That story may seem random, but it applies to most people in a lot of situations. It’s not always easy to pinpoint what you really want, what you’re really hungry for. But in today’s culture of instant gratification, we rush to satisfy that hunger immediately, and more often than not, we miss the mark. We eat when we’re hungry for something to do. We compulsively shop when we’re hungry for happiness. But these things are like ordering a salad when you really want a steak: they relieve that hunger in the moment, but that real desire never goes away, and you’re often left hungrier than you were when you started.
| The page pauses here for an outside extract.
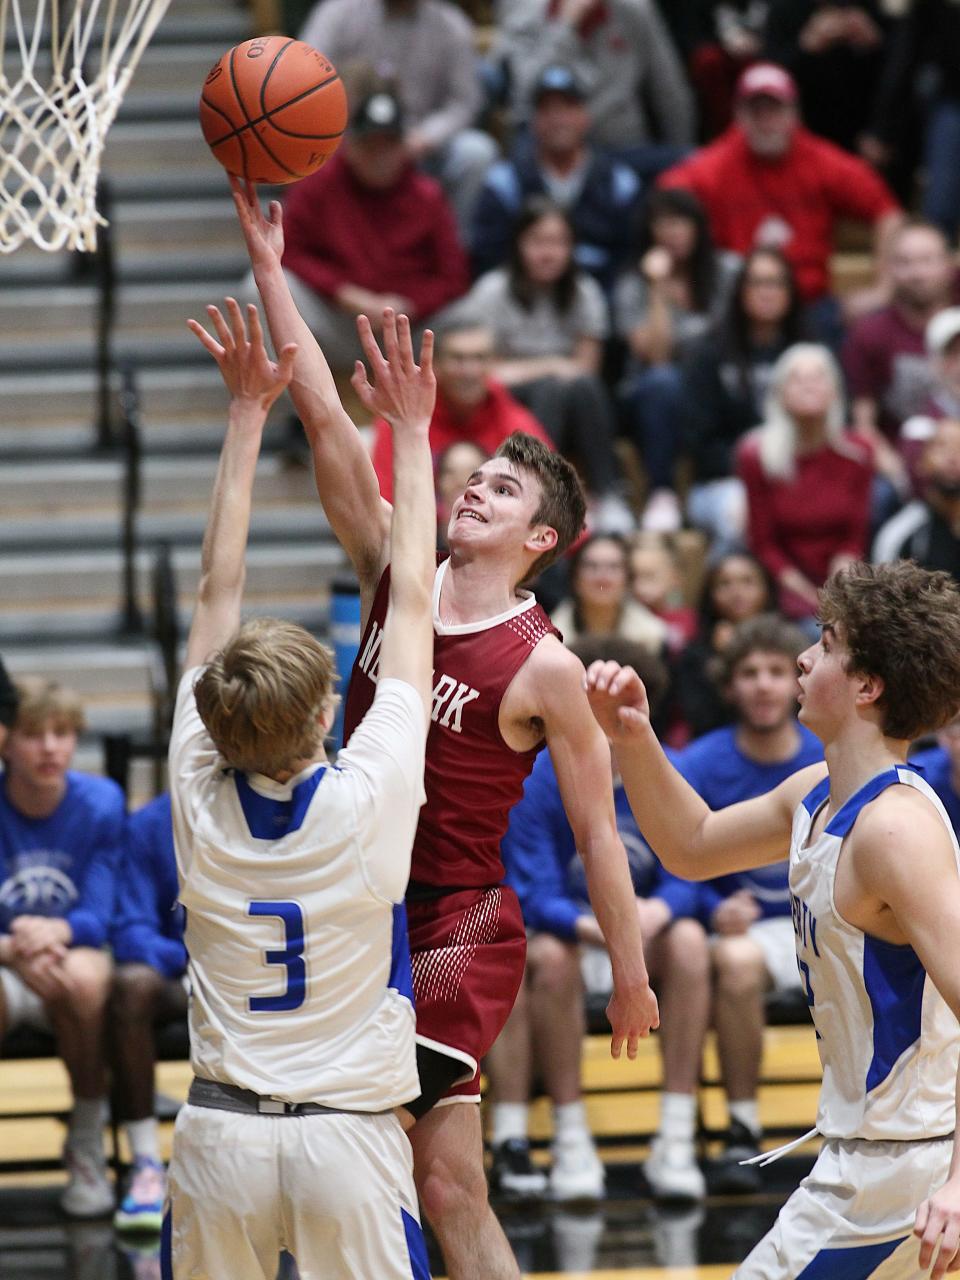 Newark senior Grant Burkholder is The Advocate Boys Basketball Player of the Year. He led the Wildcats to a Division I district championship.

In losing weight and making peace with food, a huge part of making the change permanent was recognizing when I was eating for physical hunger and when I was eating for emotional hunger. My true moment of realization came last fall, when my dog, my dopey, lovable companion of nine years, passed away. After we put him to sleep, my family stood in the kitchen together – and polished off an entire batch of chocolate chip cookies. Did eating make us feel better in the moment? Maybe. But it didn’t erase the feelings of emptiness or loneliness that we all felt; instead, it piled on feelings of guilt and shame on top of those.
Tackling the intangible – loneliness, boredom, depression – is not easy. It was a lot easier to bury the pain of losing my dog under cookies than face that hurt head on. It takes a lot more effort and a lot more time to satisfy that type of hunger, and involves the discomfort of loss, pain, loneliness. It entails opening up, exposing yourself as imperfect, emotional, vulnerable.
So next time you find yourself gravitating toward the cupboard, or reaching for your credit card to charge your fiftieth pair of shoes, stop. Count to ten. Ask yourself “Is this what I’m really hungry for?”. If it’s not, I challenge you not to give into your vice. Call your friend. Go for a walk. Write. Read. Just sit in the middle of a room and think about stuff. Satiate that emotional hunger.
I firmly believe that people who are truly beautiful are those who know themselves and are comfortable with themselves inside and out. They recognize and tackle their own emotions, knowing that the temporary pain of conquering their feelings is not greater than the permanent happiness that follows. They are clear headed, rational, and thoughtful. They are the grilled cheese and bacon sandwich, unburdened with the unnecessary weight of the burger. And they are beautiful.